Frequent Values (POJ 3368)
The answer to this question applys both divide and conquer method and segment trees. When we are querying the frequent value in a given range, we can divide the range into two halves and query in them repectively. Then the most frequent values in the whole range may among:
- Most frequent value in the left range.
- Most frequent value in the right range.
- A frequent value which goes from left to right range.
As the values in the array is sorted at first, so we can get the most frequent value over the boundary between two halves by checking if the last item from the left is the same as the first time from the right. So we can handle three segment trees. The first keeps the number of most frequent value in a range, the second holds the number of first item in the range and the last holds the number of last item in the range.

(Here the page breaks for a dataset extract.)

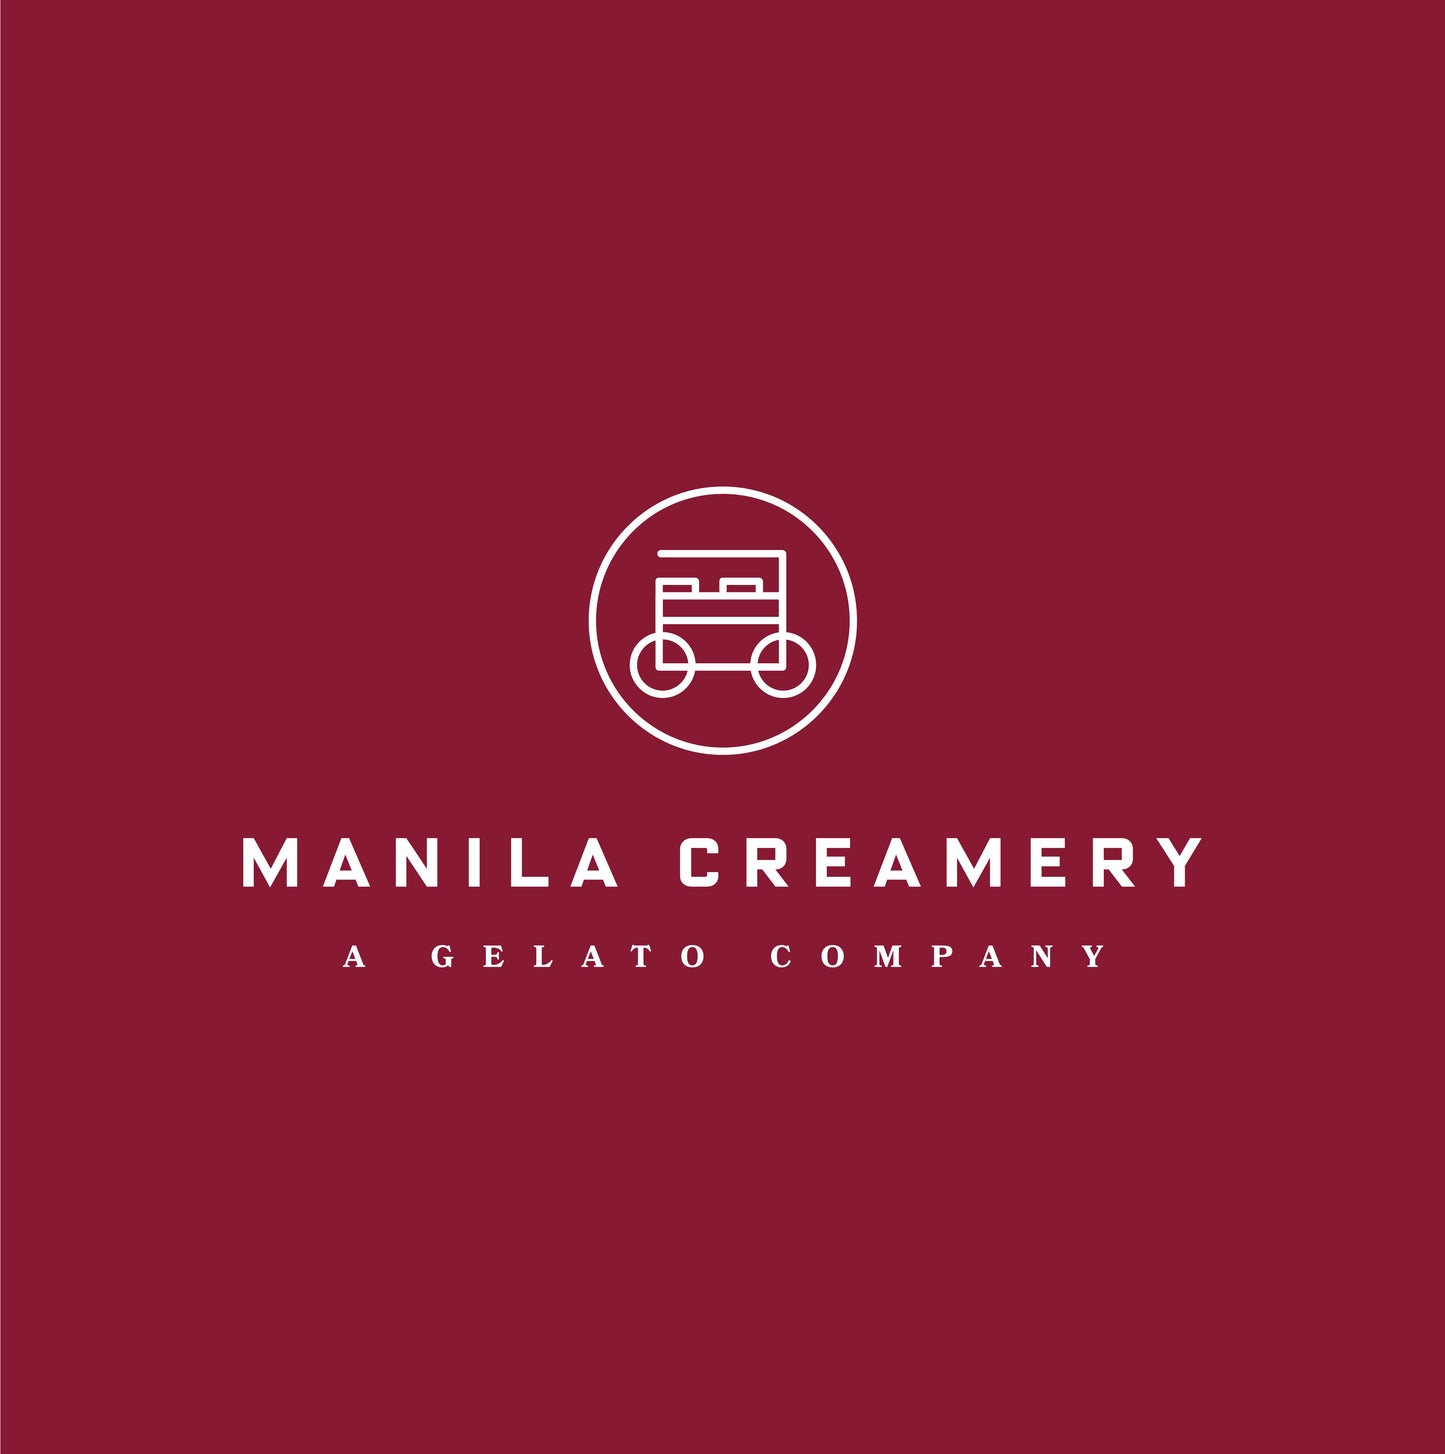 Manila Creamery Gelato

Each time we update and query the array, we make uses of the three trees to give a final answer.
import java.io.*;
import java.util.*;
public class FrequentValues {
private static int L;
private static int[] maxtree;
private static int[] lefttree;
private static int[] righttree;
private static void initTreeRange(int[] array, int k, int kl, int kr) {
if (kl >= kr) return;
int m = (kl + kr) / 2;
int cl = k * 2 + 1;
int cr = k * 2 + 2;
initTreeRange(array, cl, kl, m);
initTreeRange(array, cr, m + 1, kr);
int leftCount = maxtree[cl];
int rightCount = maxtree[cr];
int overCount = 0;
lefttree[k] = lefttree[cl];
righttree[k] = righttree[cr];
if (m + 1 < array.length && array[m] == array[m + 1]) {
overCount = righttree[cl] + lefttree[cr];
if (array[kl] == array[m + 1]) lefttree[k] += lefttree[cr];
if (kr < array.length && array[kr] == array[m]) righttree[k] += righttree[cl];
}
maxtree[k] = Math.max(Math.max(leftCount, rightCount), overCount);
}
private static void initTrees(int[] array) {
L = 1;
while (L < array.length) L <<= 1;
maxtree = new int[L * 2 - 1];
lefttree = new int[L * 2 - 1];
righttree = new int[L * 2 - 1];
for (int i = 0; i < array.length; i++) {
maxtree[i + L - 1] = 1;
lefttree[i + L - 1] = 1;
righttree[i + L - 1] = 1;
}
initTreeRange(array, 0, 0, L - 1);
}
private static int query(int[] array, int k, int kl, int kr, int l, int r) {
if (l > kr || r < kl) return 0;
else if (l <= kl && r >= kr) {
return maxtree[k];
} else {
int m = (kl + kr) / 2;
int cl = k * 2 + 1;
int cr = k * 2 + 2;
int leftCount = query(array, cl, kl, m, l, r);
int rightCount = query(array, cr, m + 1, kr, l, r);
int overCount = 0;
if (m >= l && m <= r && m + 1 < array.length && array[m] == array[m + 1]) {
overCount += Math.min(m - l + 1, righttree[cl]);
overCount += Math.min(r - m, lefttree[cr]);
}
return Math.max(Math.max(leftCount, rightCount), overCount);
}
}
private static void solve(int[] array, int[][] query) {
initTrees(array);
for (int i = 0; i < query.length; i++) {
System.out.println(query(array, 0, 0, L - 1, query[i][0], query[i][1]));
}
}
public static void main(String[] args) {
Scanner scanner = new Scanner(System.in);
while (scanner.hasNextInt()) {
int N = scanner.nextInt();
if (N == 0) break;
int Q = scanner.nextInt();
int[] array = new int[N];
int[][] query = new int[Q][2];
for (int i = 0; i < N; i++) array[i] = scanner.nextInt();
for (int i = 0; i < Q; i++) {
query[i][0] = scanner.nextInt() - 1;
query[i][1] = scanner.nextInt() - 1;
}
solve(array, query);
}
}
}